Stored data>
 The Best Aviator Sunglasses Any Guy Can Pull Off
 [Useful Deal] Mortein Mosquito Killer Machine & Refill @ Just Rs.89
--
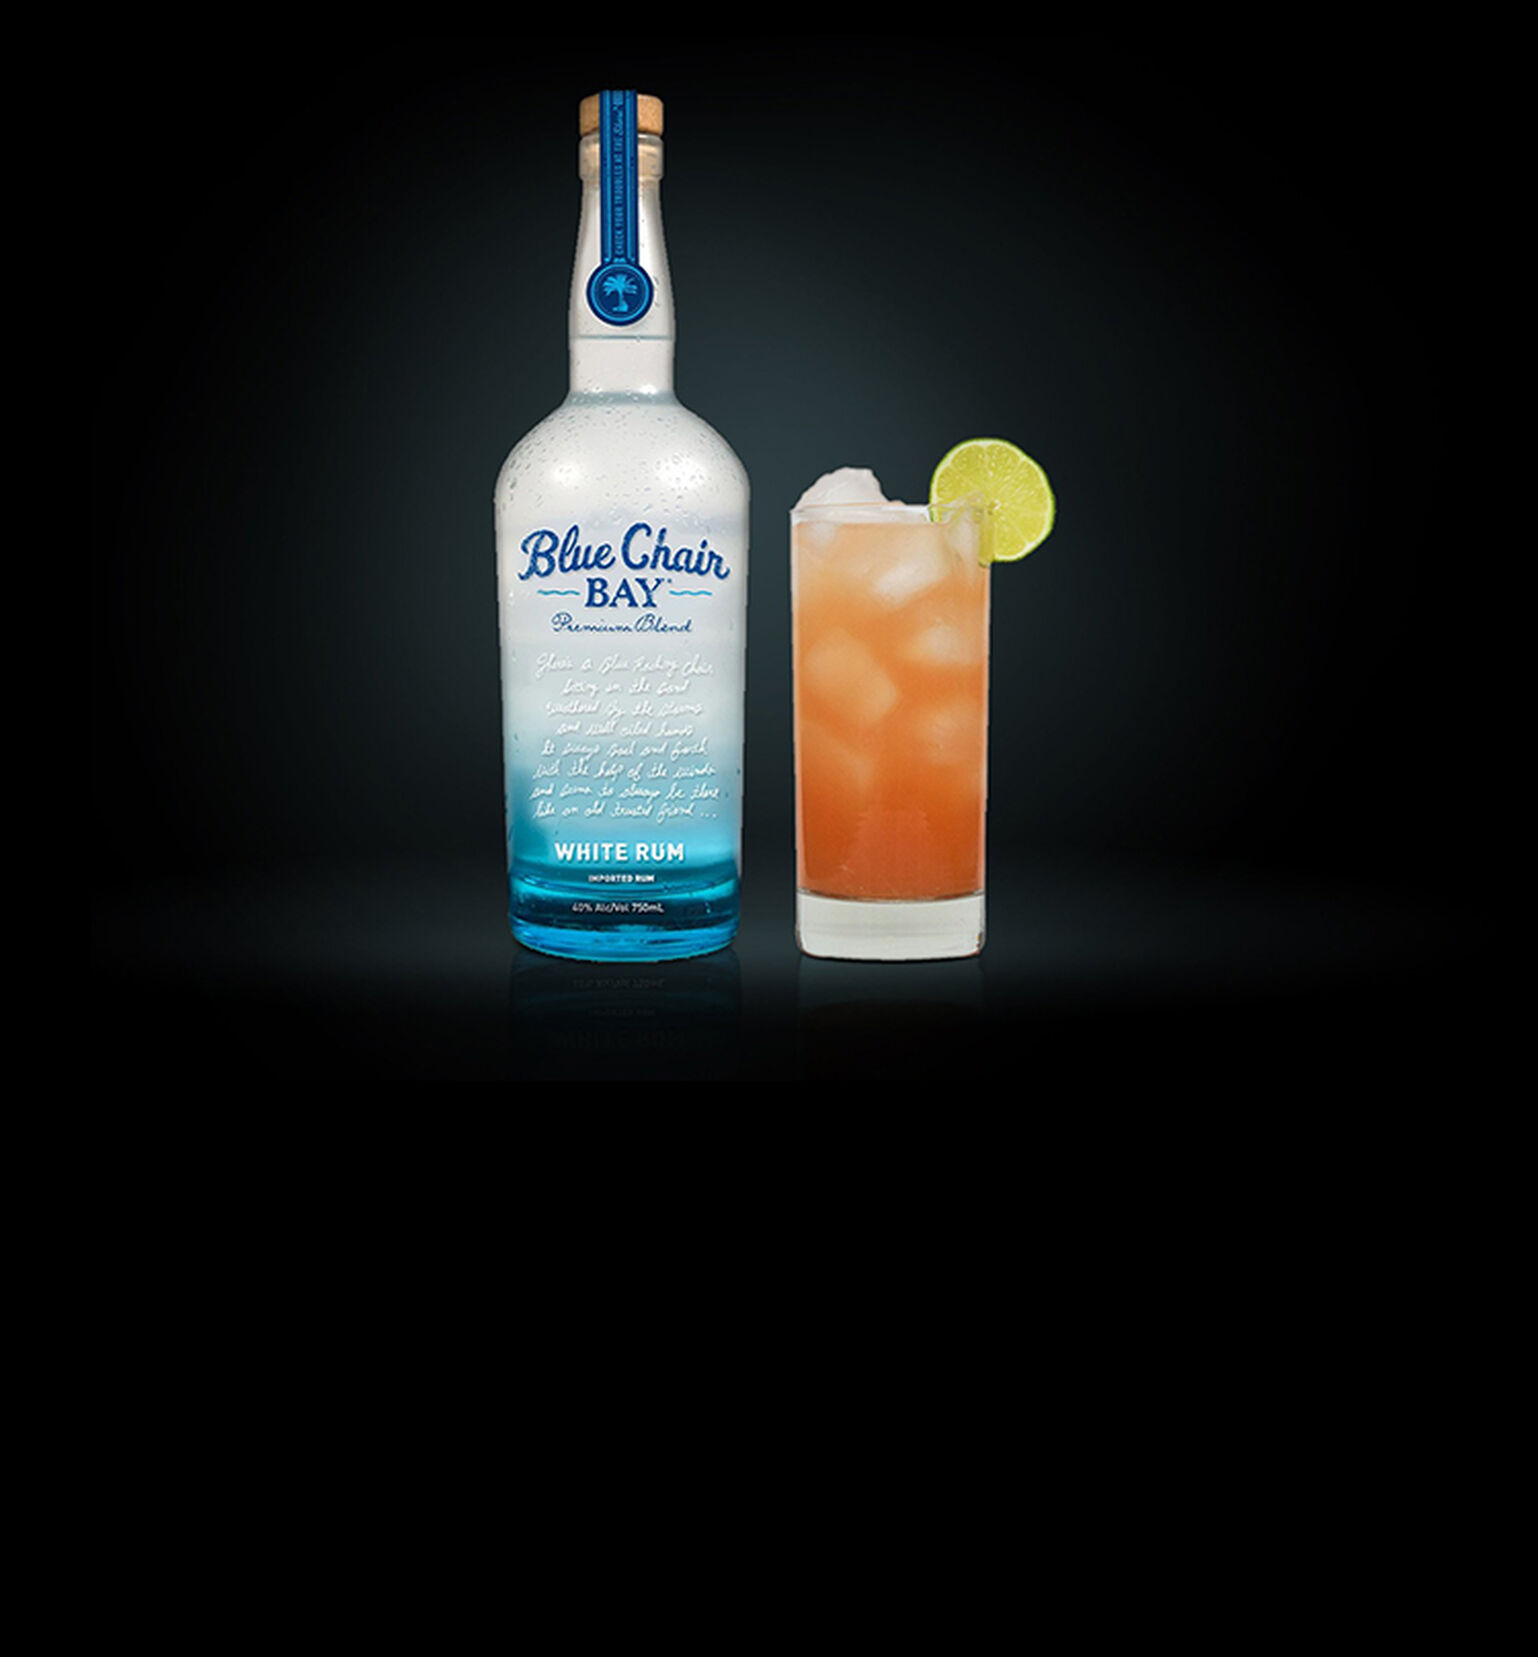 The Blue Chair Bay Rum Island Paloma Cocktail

Task brief> Starting at the line that has "The Best Aviator" and ending at the line that has "[Useful Deal] Mortein", please write out the lines above exactly, leaving out all others.

Response area>
 The Best Aviator Sunglasses Any Guy Can Pull Off
 [Useful Deal] Mortein Mosquito Killer Machine & Refill @ Just Rs.89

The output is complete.